I would get the vet out pretty soon, as I'd say its worth it even just to ease your mind! (being worried about them is horrible!  ) Or maybe just ask if you can discuss everything you have said here on the phone and see if they think they need to come out? Its harder not knowing when her due date is so if she is over or still before, but I reckon maybe better safe than sorry with it! Good luck for when the foal comes I'm sure all the worry will be forgotten then


----------



## Dydie (21 June 2013)

Thanks for your responses ... I had the vet out earlier today and the foal is still alive but is not moving much and showed little response to the vet prodding it, the foal is still very low down in the uterus and was not in any kind of position which would suggest its looking to re-position any time soon.

The Mare however is fully engaged, all very soft and stretchy and pelvis is open so she's ready but the foal is either comfy and in no hurry to emerge or its in trouble 

The vet says it could be that the cord is pinched or wrapped around somewhere and the foal is not getting enough blood/oxygen and is dying 

Its just a case of continue with the waiting game, she will either turn it and give birth or if it dies she will have a discharge and become unwell at which point they will try and save her ... it all seems rather matter of fact and now I just feel useless


----------



## Spring Feather (21 June 2013)

Sorry to read this.  That doesn't sound good at all.  Is the vet who palpated a repro vet or a solely equine vet?

There is one thing you could try which would give you some answers about whether timing is right now or not.  Milk test the mare and see what your readings are at.  If she's testing that she's not going to foal imminently then that could alleviate some of the worry.  If she's testing that she is indeed ready to foal then you may have some problem going on here.


----------



## JanetGeorge (21 June 2013)

Dydie said:



			Thanks for your responses ... I had the vet out earlier today and the foal is still alive but is not moving much and showed little response to the vet prodding it, the foal is still very low down in the uterus and was not in any kind of position which would suggest its looking to re-position any time soon.

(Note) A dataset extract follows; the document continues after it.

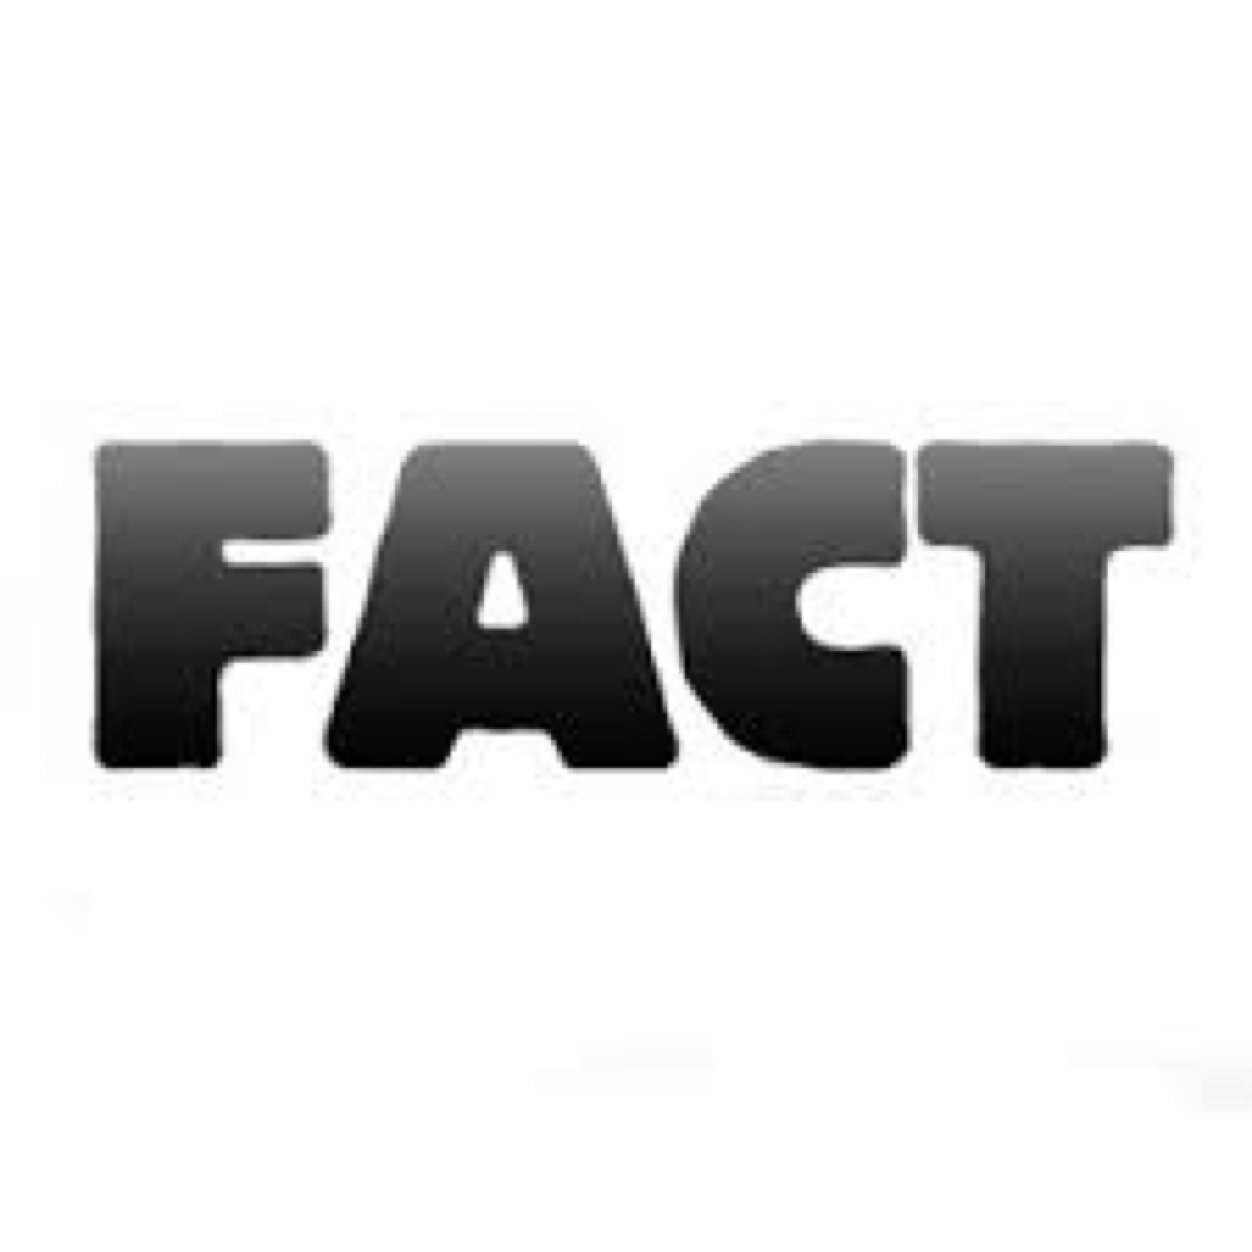 Interesting facts, fun facts, weird facts, I've got them all! Follow my page if these facts make you go 'wow'
Contact: interestingfacts2312@gmail.com

The Mare however is fully engaged, all very soft and stretchy and pelvis is open so she's ready but the foal is either comfy and in no hurry to emerge or its in trouble 

The vet says it could be that the cord is pinched or wrapped around somewhere and the foal is not getting enough blood/oxygen and is dying 

Its just a case of continue with the waiting game, she will either turn it and give birth or if it dies she will have a discharge and become unwell at which point they will try and save her ... it all seems rather matter of fact and now I just feel useless
		
Click to expand...

Mmmm - it appears from what you've said that the vet did not check for the most likely cause of the mare running milk and not getting any closer to foaling (although you don't know when she's 'due') - and I would say the most likely cause is placentitis.  A scan would have showed this - poking around wouldn't necessarily!!  If it's placentitis the mare needs to be on anti-biotics NOW - to save her and hopefully the foal too.


----------



## Dydie (21 June 2013)

Sorry if I didn't make it clear ... the vet did scan as well as doing an internal, no sign of placentitis, he also checked temp and used a calcium strip ?? to test her milk, he reckons she is ready but the foal is hopefully being lazy but worst case scenario can't turn or is being compromised. I'm hoping he's just offering up the worst view and mother nature will sort things out for her x


----------



## Spring Feather (21 June 2013)

What readings did he get on his strip?


----------



## rainer (21 June 2013)

Just wanted to say hope mum and foal both come out of it ok,keep us updated X all the best


----------



## elumpshie (21 June 2013)

just wee message hope your mare and foal are ok and have a healthy foal soon xxx


----------



## Dydie (22 June 2013)

Not sure Spring Feather ? I must admit I didn't ask as I have not used these strips before, I used to work on Studs but it was a million years ago and things seem to have changed a bit since then 

I was hoping she might have it last night after the vets poking around but sadly still nothing, the mare seems to be trying to turn the foal but I must admit its all rather low impact like she can't be bothered !!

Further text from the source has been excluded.